On January 22, the California Department of Business Oversight (DBO) announced a $900,000 settlement with a California-based lender for allegedly steering borrowers into high-interest loans to avoid statutory interest rate caps. According to the DBO, the lender’s practice of overcharging interest and administrative fees violated the California Financing Law, which caps interest on small-dollar loans up to $2,499 at rates between 20 percent and 30 percent, but does not provide a cap for loans of $2,500 and higher. The DBO also asserts that the lender’s brochures, which advertised loans of “‘up to $5,000’ without stating that the minimum loan amount offered by [the lender] was $2,501,” were false, misleading, or deceptive.

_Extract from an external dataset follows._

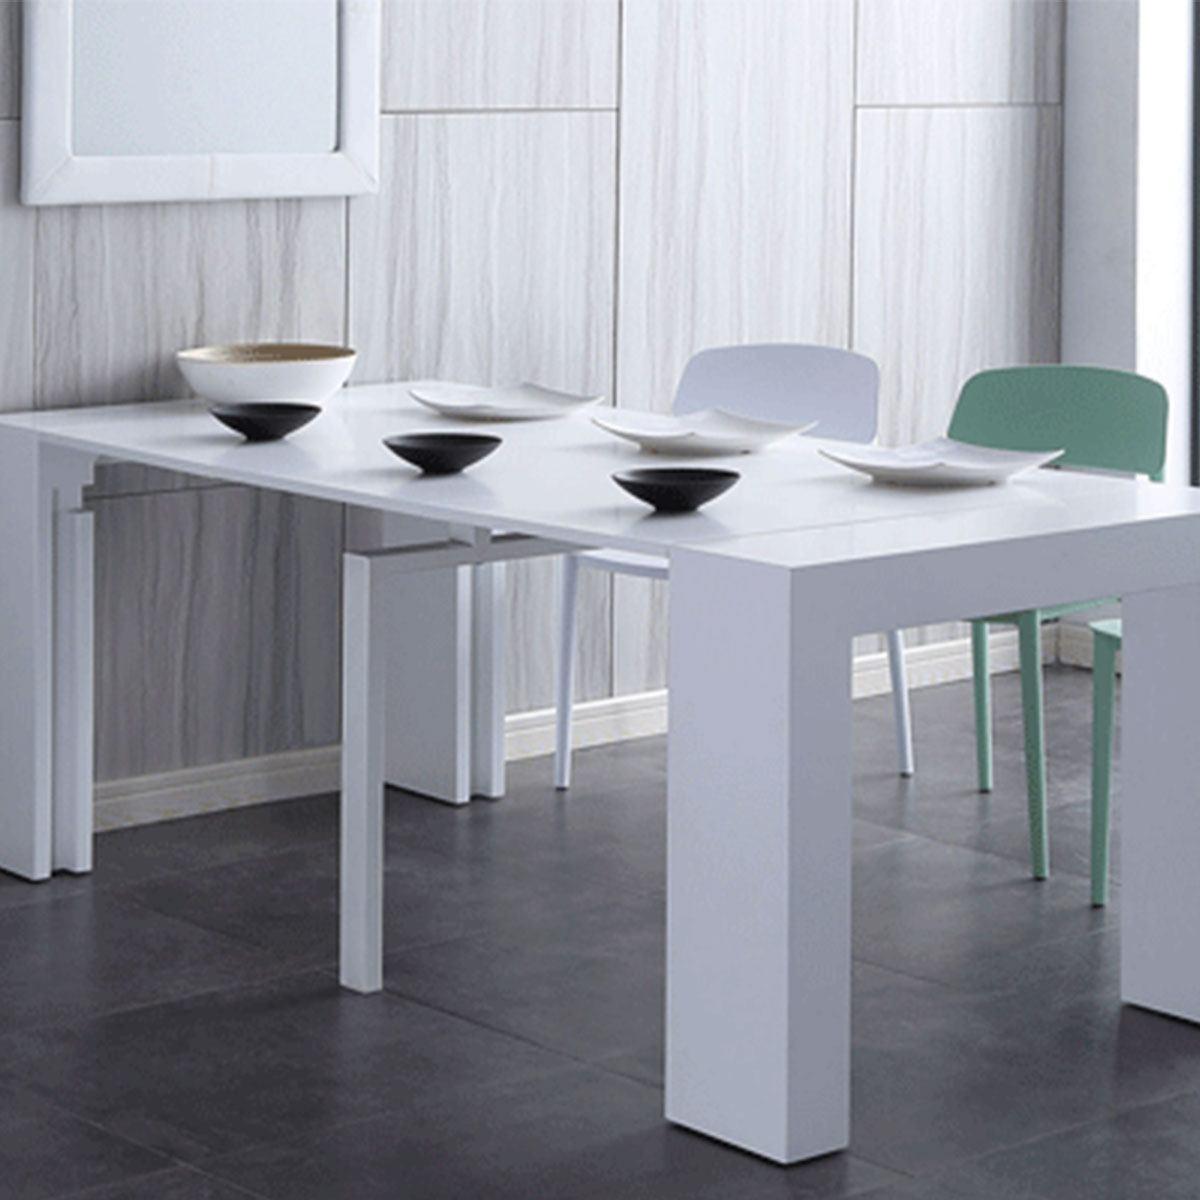 Consola / mesa extensible en color blanco - Artikalia

Moreover, the lender allegedly failed to allow certain borrowers the opportunity to make advance payments “in any amount on any loan contract at any time.”
Additionally, the DBO alleges that the lender overcharged roughly $700,000 in payday loan transactions by (i) collecting charges twice; (ii) allowing borrowers to take out a new loan before paying off the old one; and (iii) depositing some borrowers’ checks prior to the specified date in the loan agreement without their written authorization.
Under the terms of the consent order, the lender will, among other things, provide $800,000 in refunds to qualifying borrowers, pay $105,000 in penalties and other costs, and provide accurate verbal disclosures to borrowers concerning loan amounts and interest rate caps.